● **PROBLEM TO WORK ON**: Begin at the line below that has "Photo of 3107" and stop after the line that has "Serious Centaur Art: WIP | Centaurica". Please restate only those lines, word for word.
(Beginning of INPUT DATA)
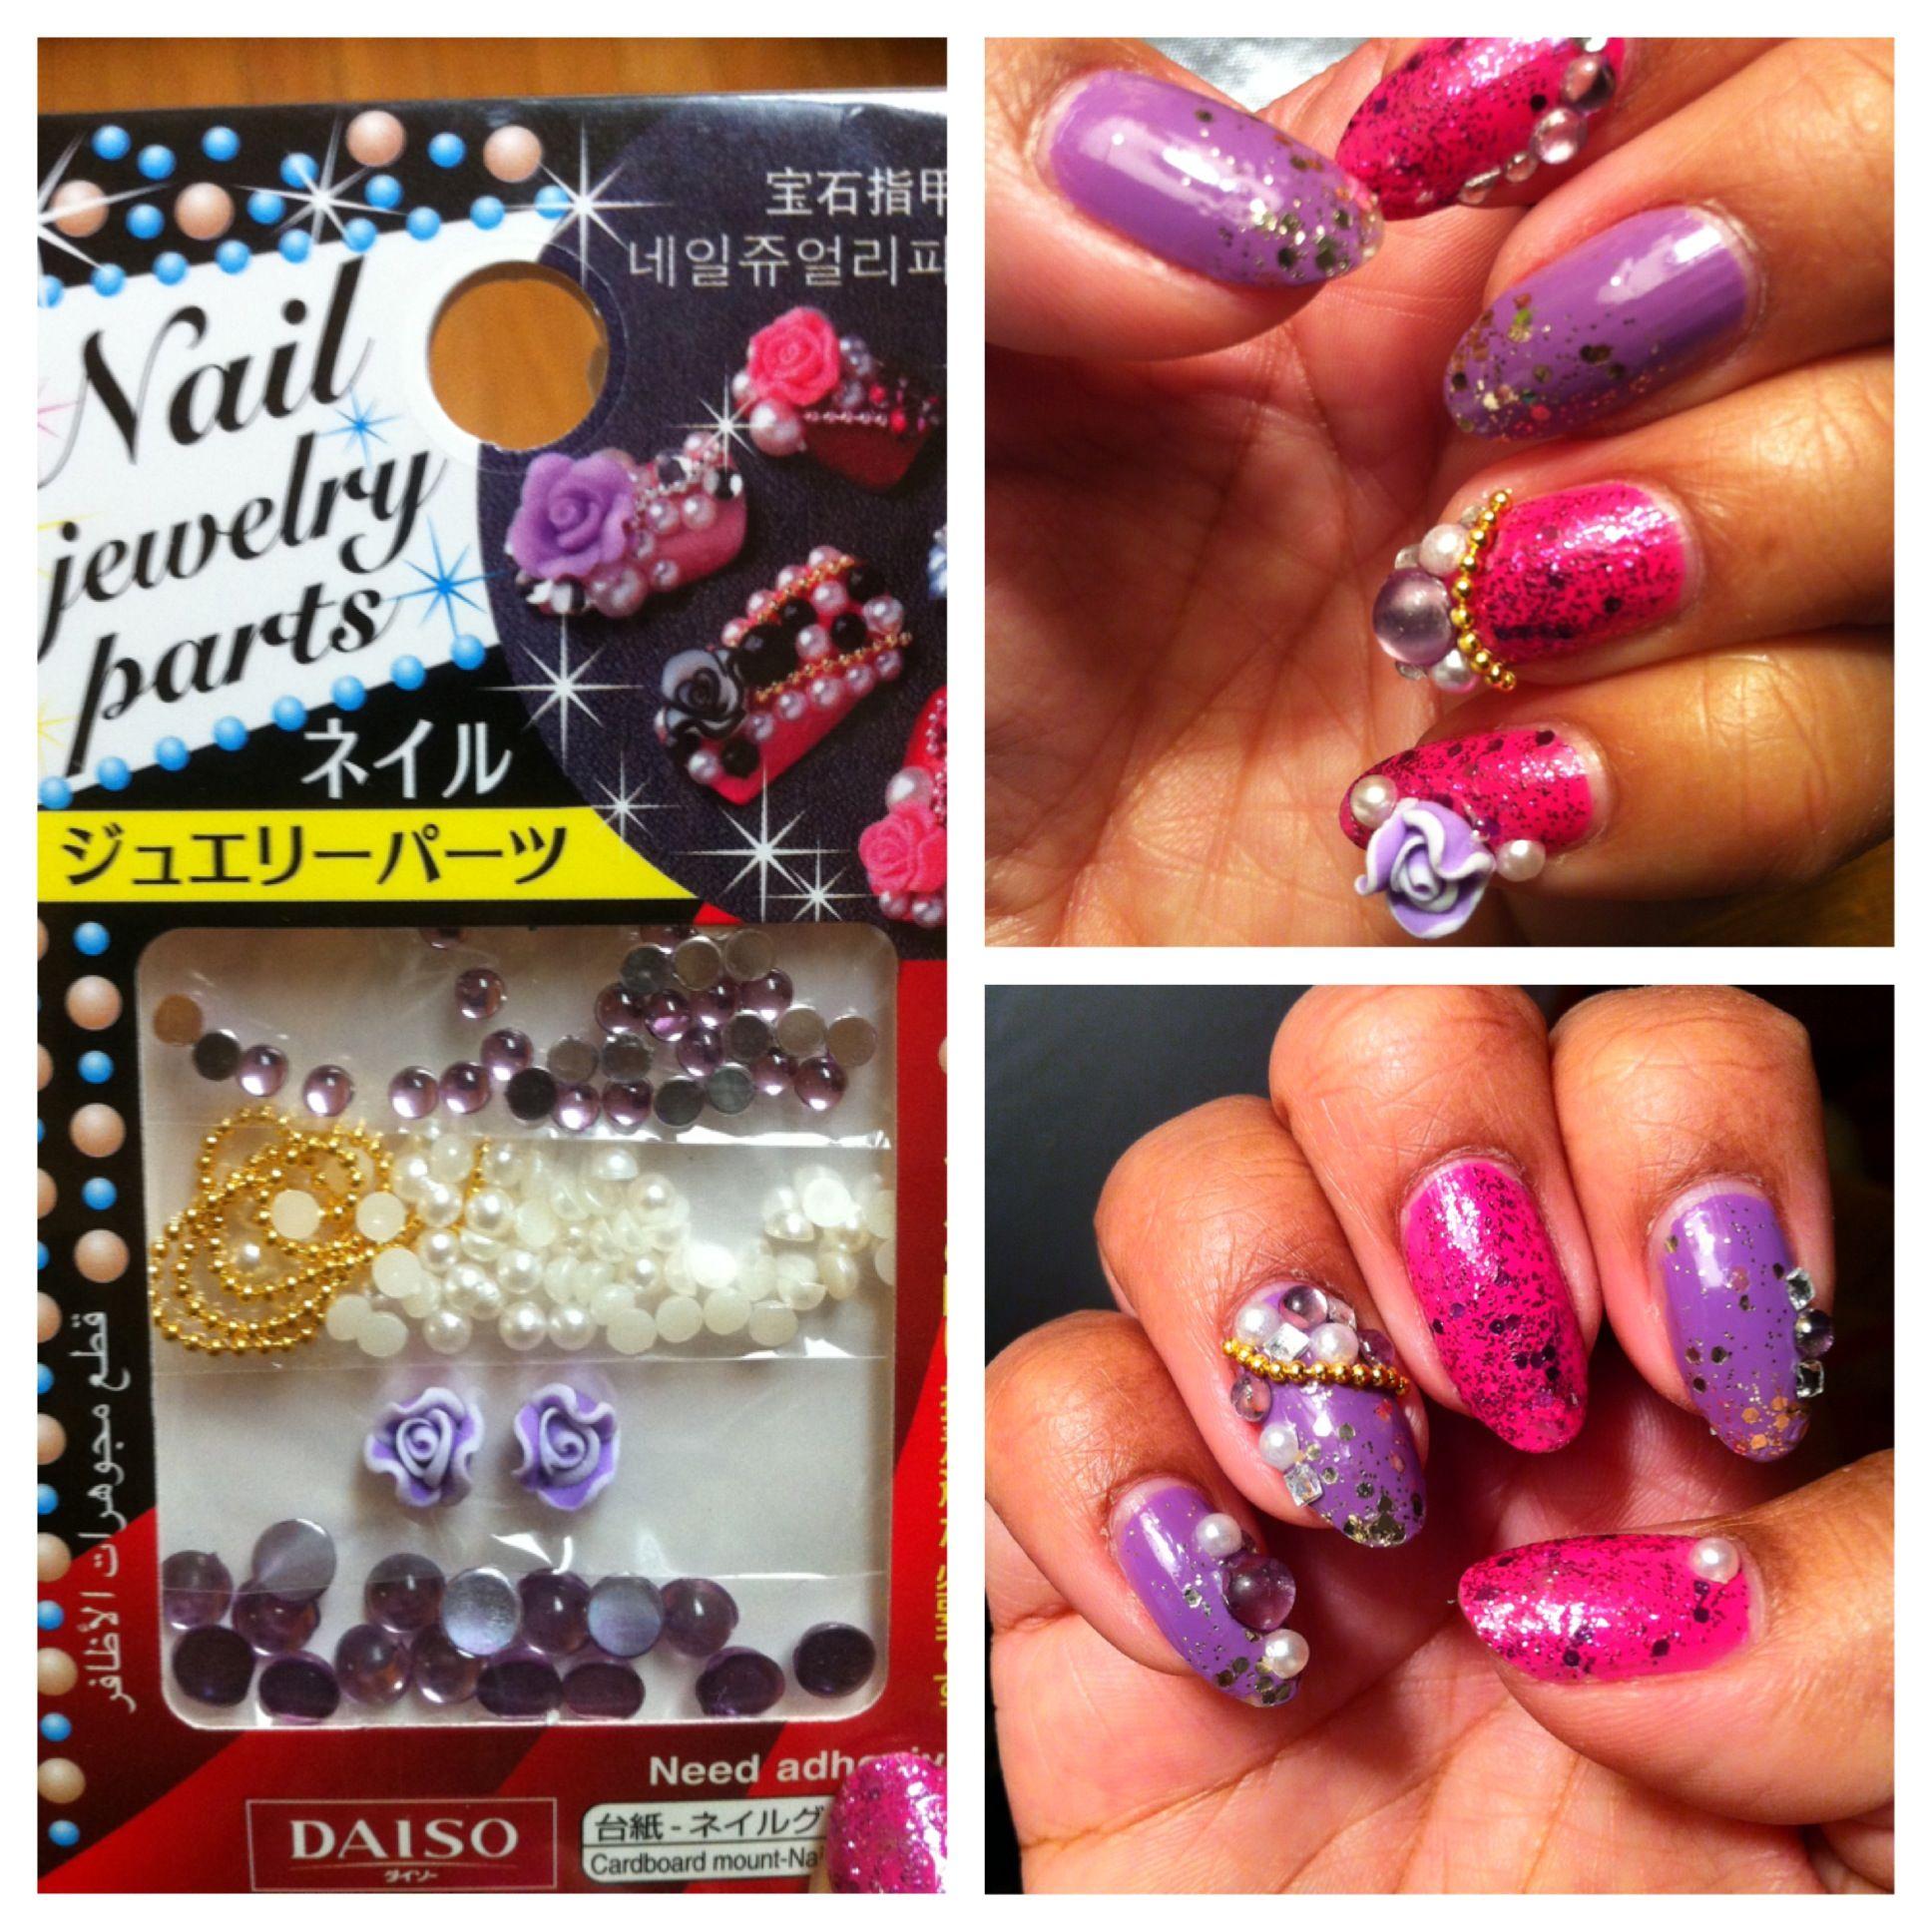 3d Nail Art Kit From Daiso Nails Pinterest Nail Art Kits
(End of INPUT DATA)
(Beginning of INPUT DATA)
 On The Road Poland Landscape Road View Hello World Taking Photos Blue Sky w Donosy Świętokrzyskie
(End of INPUT DATA)
(Beginning of INPUT DATA)
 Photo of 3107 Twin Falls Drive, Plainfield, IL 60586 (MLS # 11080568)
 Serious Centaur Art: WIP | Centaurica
(End of INPUT DATA)
● **ANSWER BOX**:
 Photo of 3107 Twin Falls Drive, Plainfield, IL 60586 (MLS # 11080568)
 Serious Centaur Art: WIP | Centaurica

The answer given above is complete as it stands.